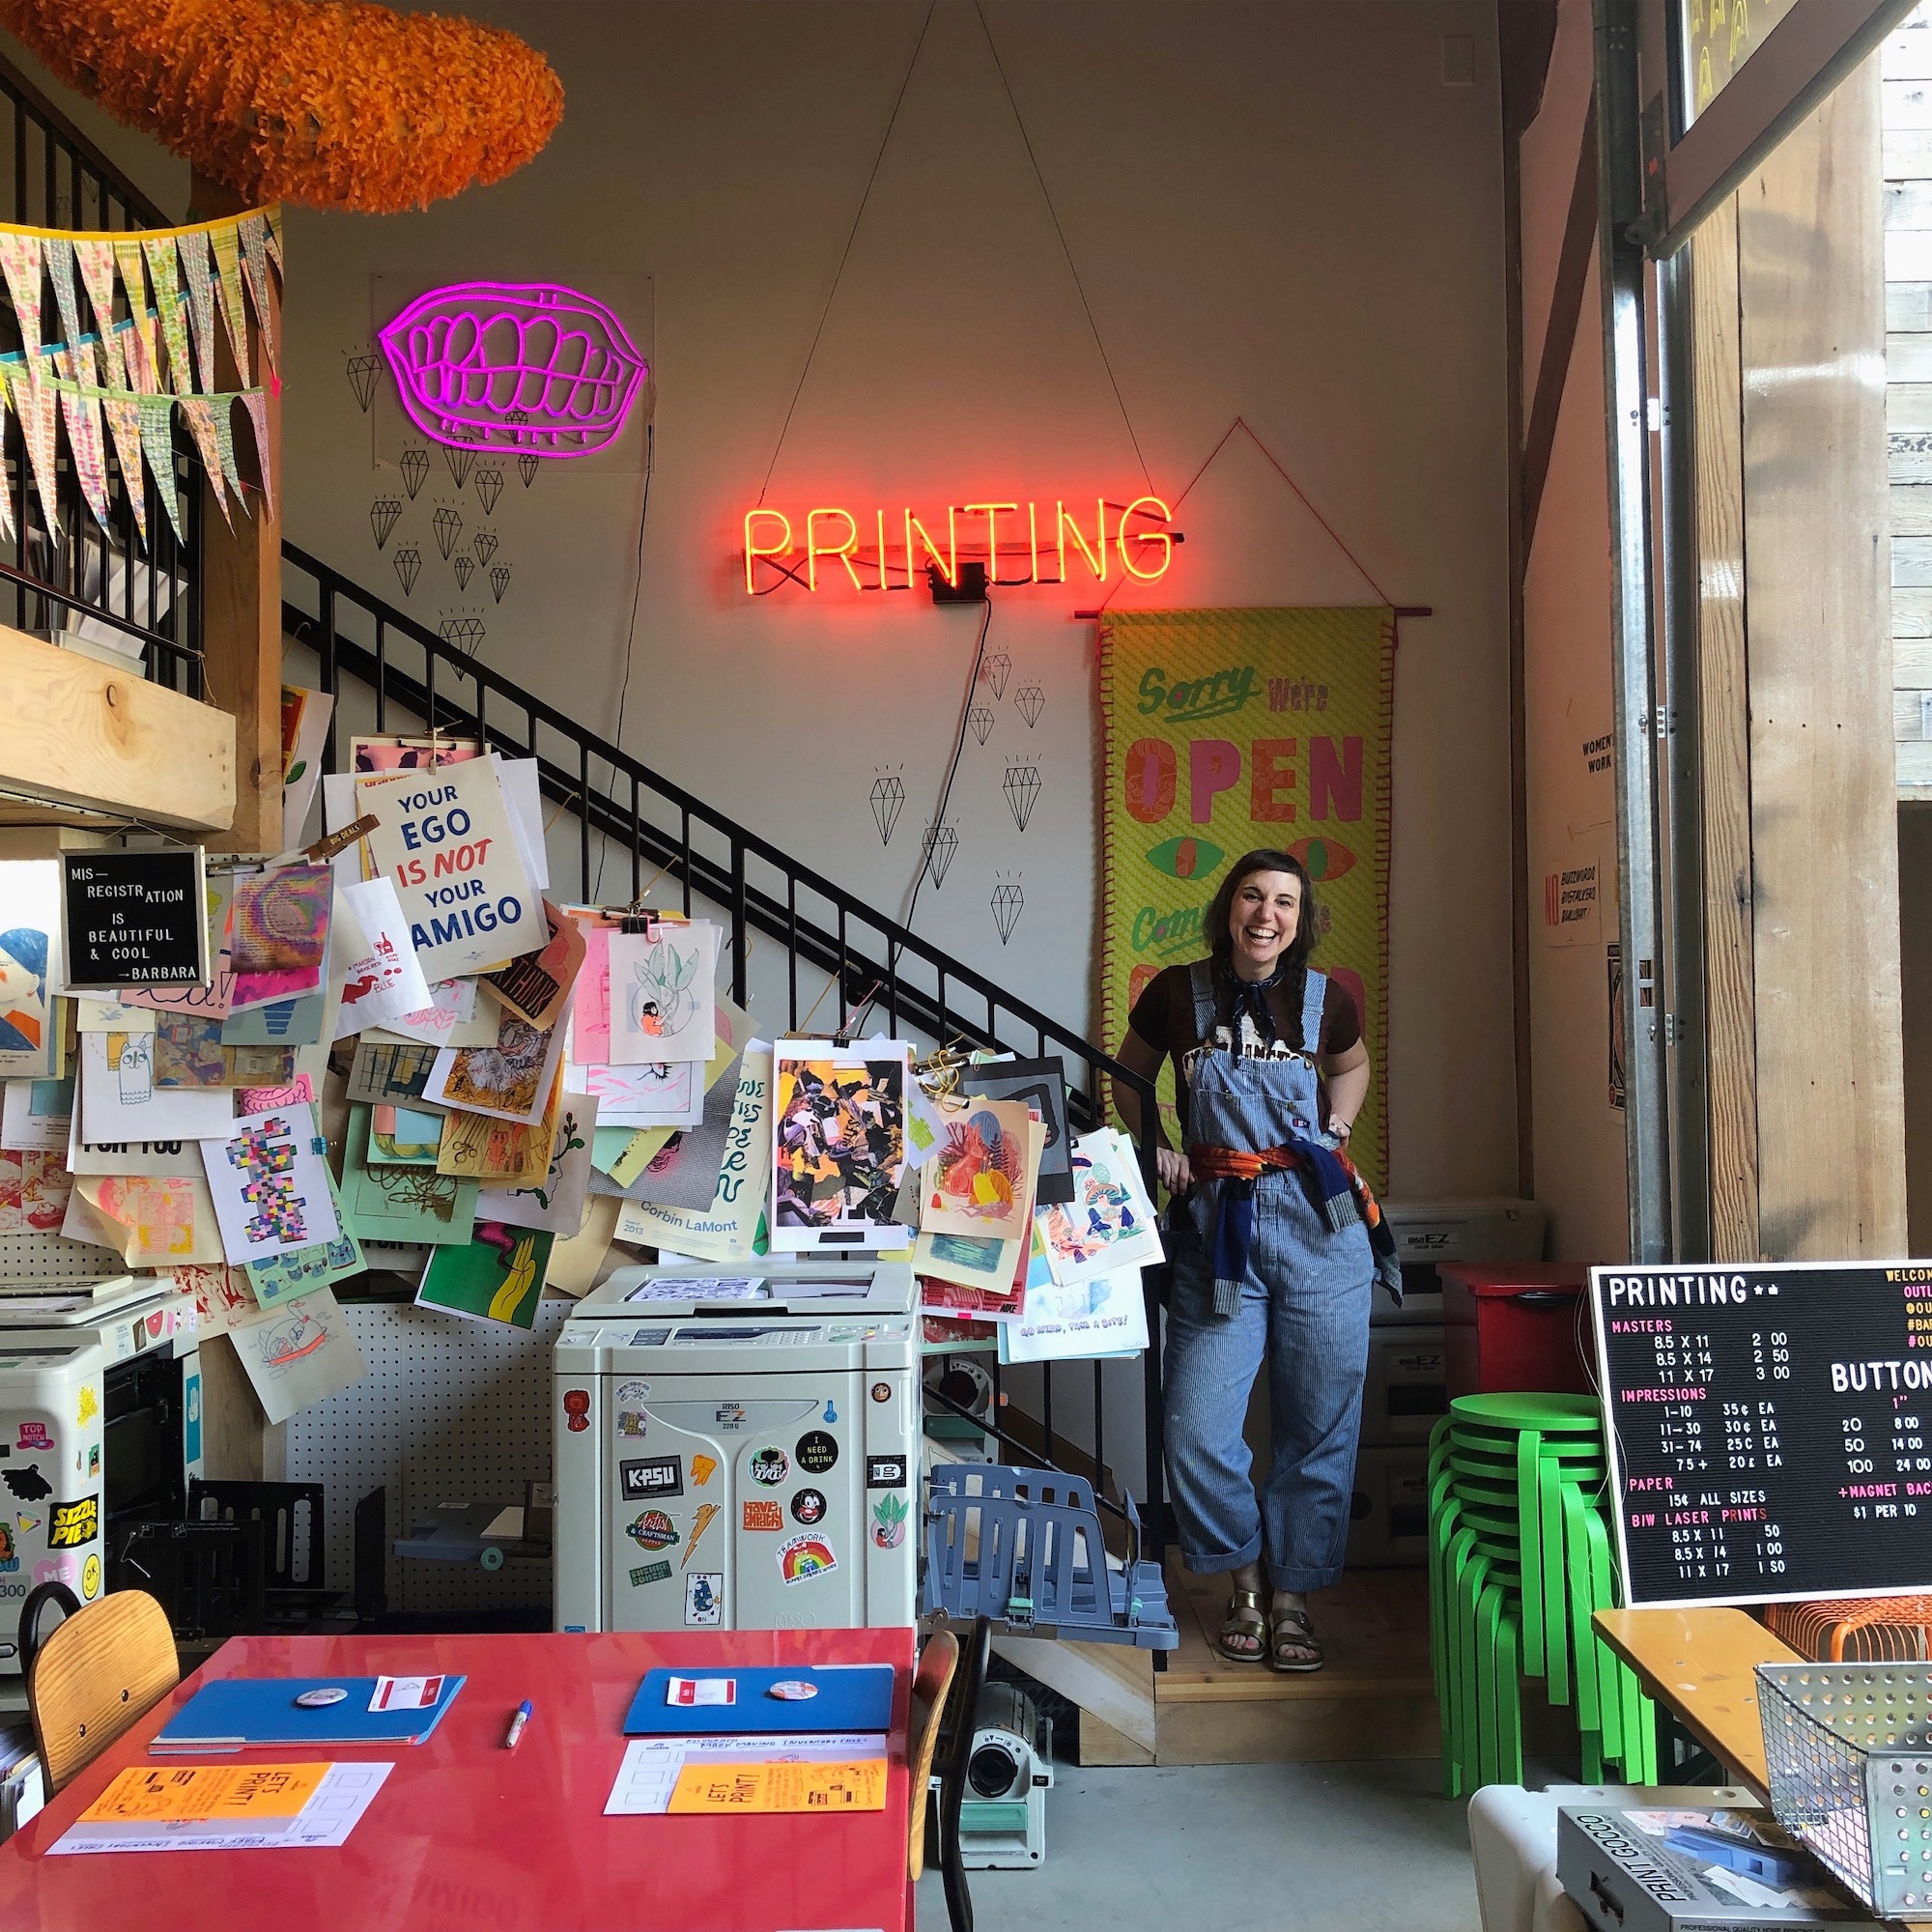 Kate Bingaman Burt stands next to a Risograph printer under a neon sign that says "Printing"
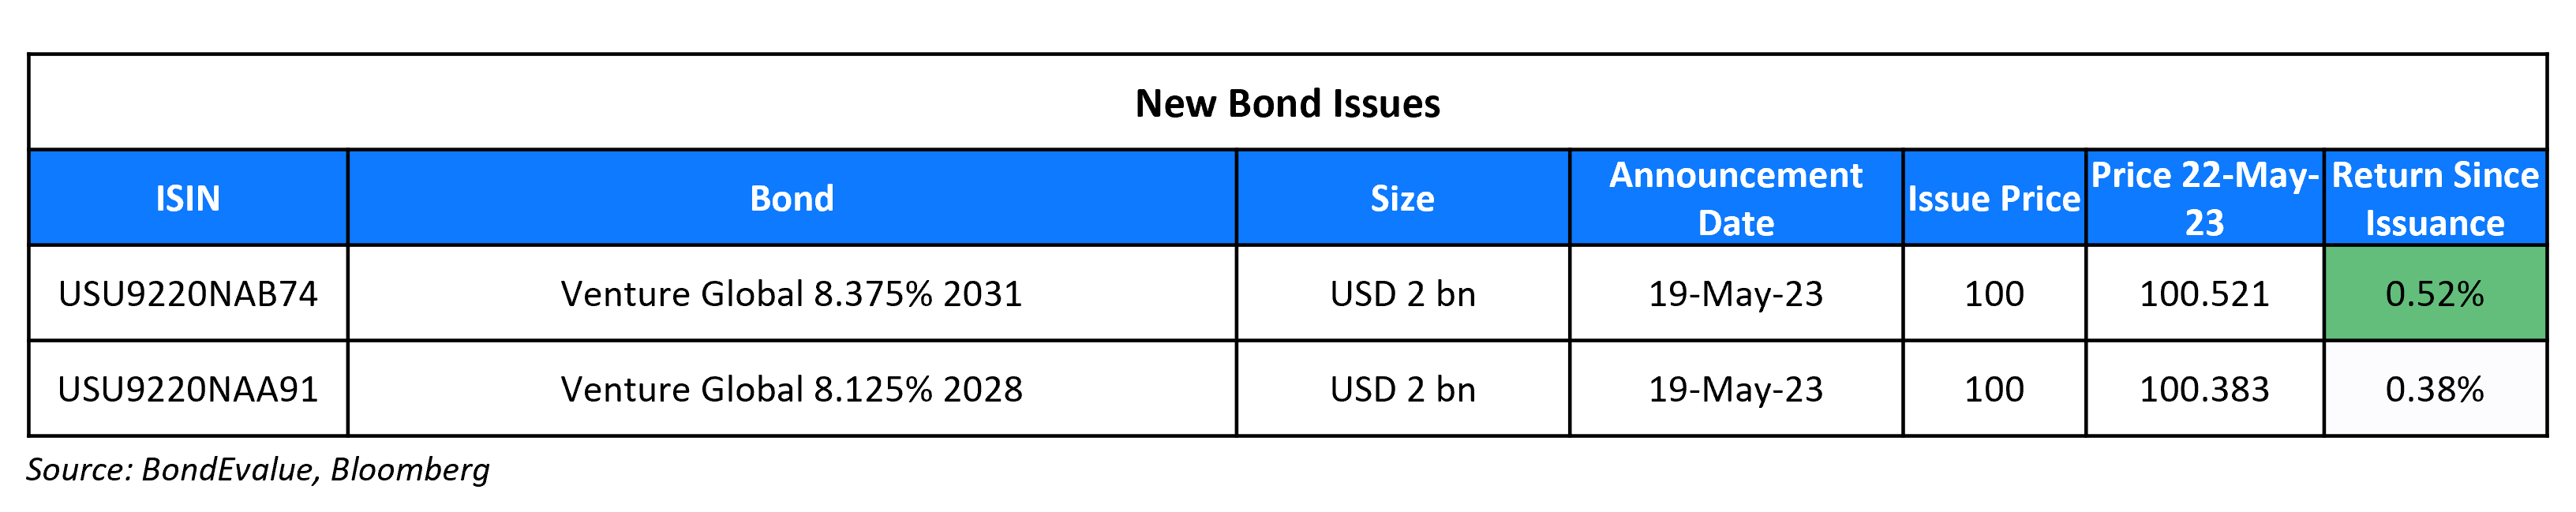 New Bond Issues 22 May 23
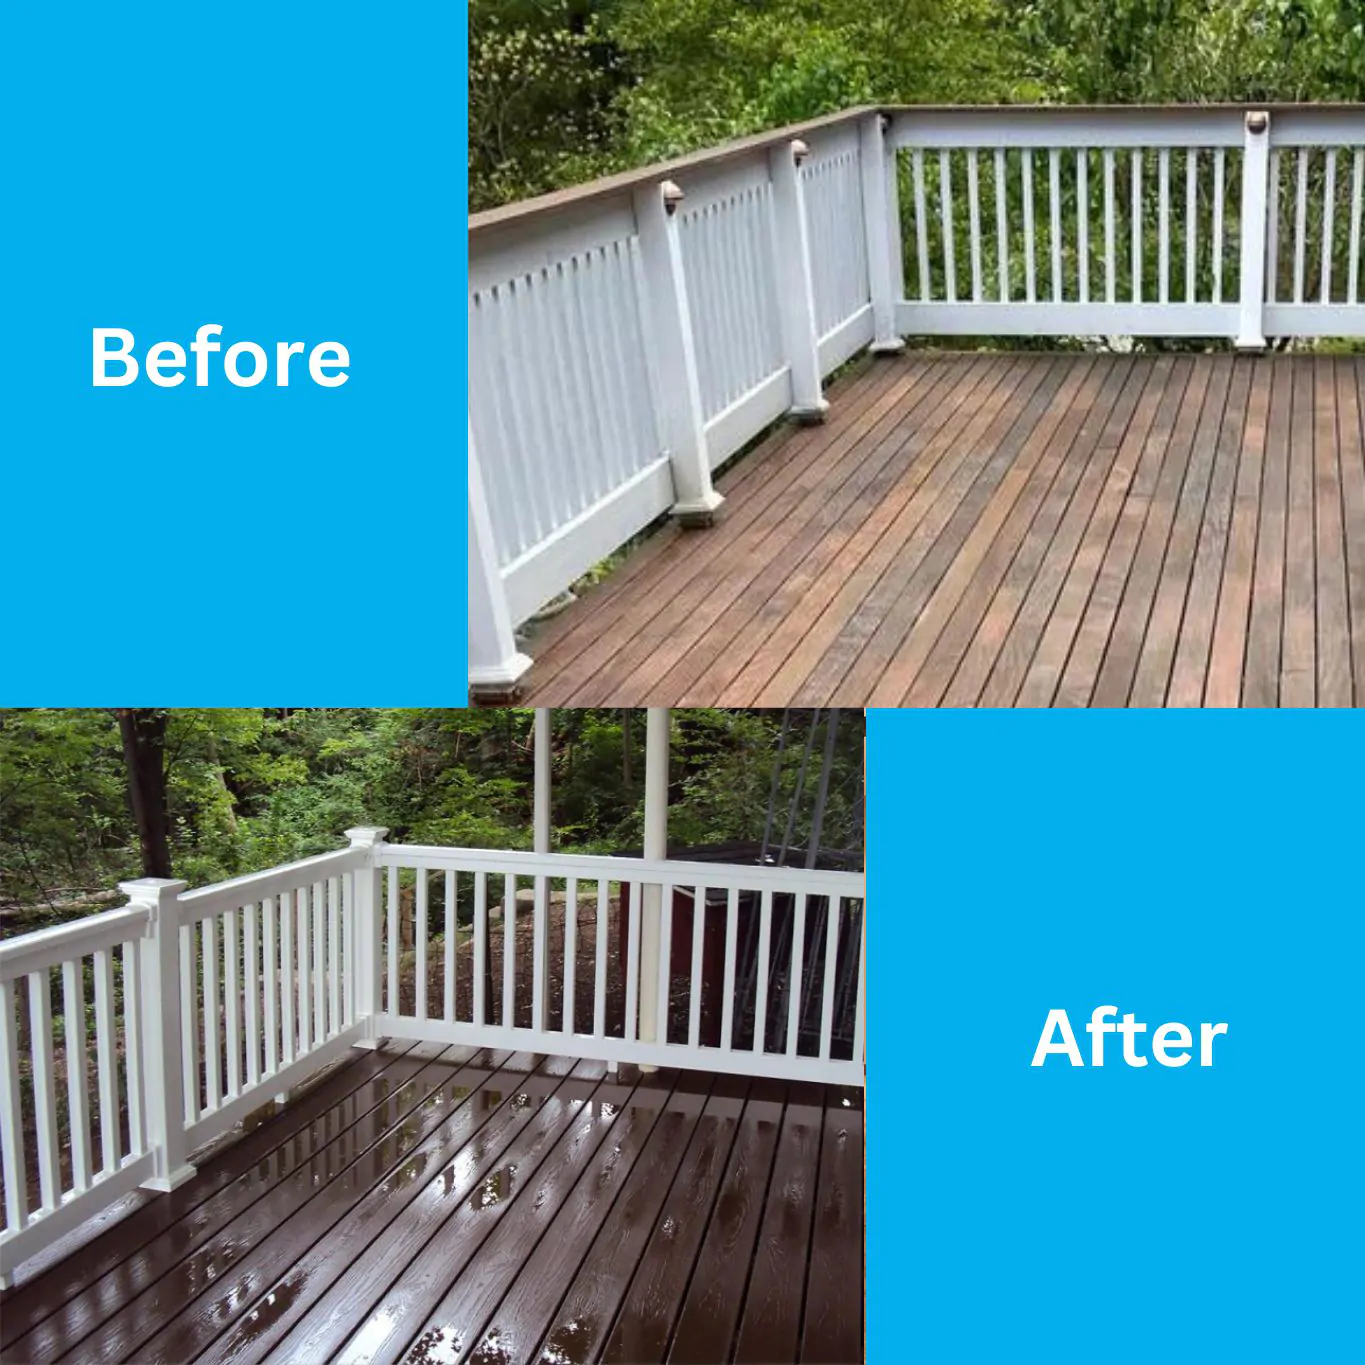 Before and After Deck Design Services - All Pro Cape May Deck Builders

WORK TO COMPLETE: The output has to match the data above line for line, except that pictures are dropped.

RESULT OF THE TASK:
 Kate Bingaman Burt stands next to a Risograph printer under a neon sign that says "Printing"
 New Bond Issues 22 May 23
 Before and After Deck Design Services - All Pro Cape May Deck Builders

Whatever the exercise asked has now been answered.